2. On an incoming notification of a stock price change of BRK.A between $500 and $525, we filter AlertCondition entities. Entities that match are returned, and from these entities, we create offline tasks to email each of the users about the price change.

This works decently, given that we don’t have many stock price changes or many alerts in the system. As the number of AlertConditions go up, we will need to change our application to break the queries into multiple pages, or even move them into task queues. Unfortunately for us, stock prices change very frequently, and (we hope) we will have many users. Fetching tens of thousands of Alert Conditions from the datastore can take on the order of seconds, causing the implementation detailed above to be difficult to scale for our expected usage.


How does the Matcher API help us solve this problem?
-------------------

The Matcher API allows us to register a set of queries, then filter incoming documents against these queries in a scalable, high-performance fashion. The type of problem being solved in the stock price notification example is a good example of how the Matcher API can be used. Here’s what we’d have to do in our application using the Matcher API:

1. When a user wants to create a new alert, we acquire an instance of a Python matcher object and register queries.

2. On an incoming stock price change, we run the alert against the matcher and try to find all the queries that matched. As queries are found, the matcher API enqueues tasks to process the results offline. Unlike the implementation using the datastore in the earlier example, the Matcher API performs checks in parallel and runs using a completely different service optimized for this use case. A single price change notification could match against hundreds of thousands of queries in the time span of a few seconds.

Let’s show this example in code (also posted here: http://pastie.org/1234174):

# We’re going to call subscribe.

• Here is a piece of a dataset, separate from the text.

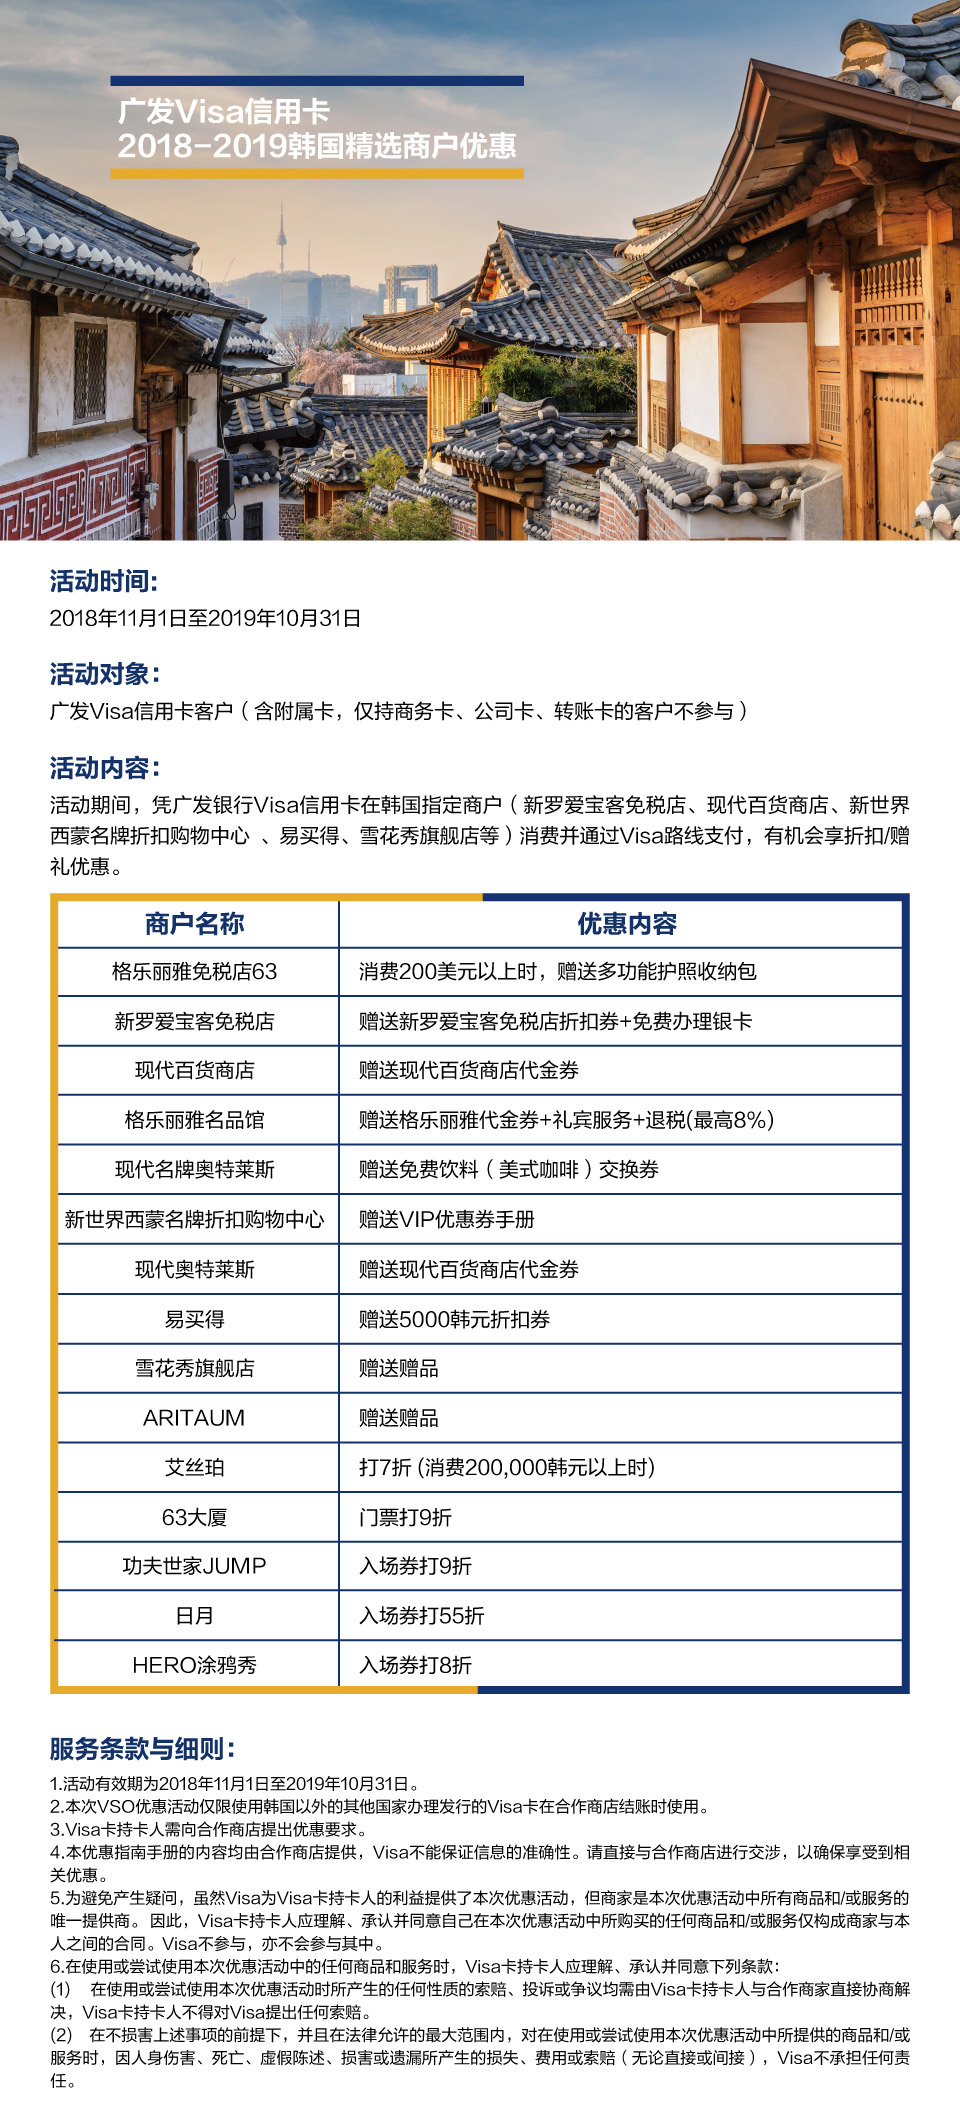 Visa 2018-2019韩国精选商户

Here’s what we’re passing:
# dict - this means we are going to match against a Python dictionary. We can also
#          pass a db.Model type to match against. For instance, StockPrice
# “symbol: GOOG AND price > 500 AND price < 525” - this is our query
# “ikai:GOOG” - this is the name of our subscription. We’ll use this to map back to our
#          User. This must be unique, so we are using the User key and ticket combination
matcher.subscribe(dict, “symbol: GOOG AND price > 500 AND price < 525”, “ikai:GOOG”)


# When a new stock price update comes in, we create a Python dictionary representing
# all the parts we care about
change = { "symbol" : "GOOG", "price" : 515 }

matcher.match(change)

# The code above doesn’t execute right away. It makes an API call to Google’s
# matcher service, which, upon completion, begins dispatching matches to a
# task queue at the URI path /_ah/matcher. You’ll need to define the task queue handler:

application = webapp.WSGIApplication(
    [('/_ah/matcher', ChangeNotificationHandler)])

# You'd define the handler, a web handler for the results:

class ChangeNotificationHandler(webapp.RequestHandler):
def post(self):
  user_ids = self.request.get_all('id')                # Returns ['ikai:GOOG']
  results_count = self.request.get('results_count')    # Returns the total number of results
  results_offset = self.request.get('results_offset')  # Returns 0
  
  for id in user_ids:
     user_id, symbol = id.split(":")
    # now we have user_id and symbol
    # we’ll use the user_id to find the User and send them an email!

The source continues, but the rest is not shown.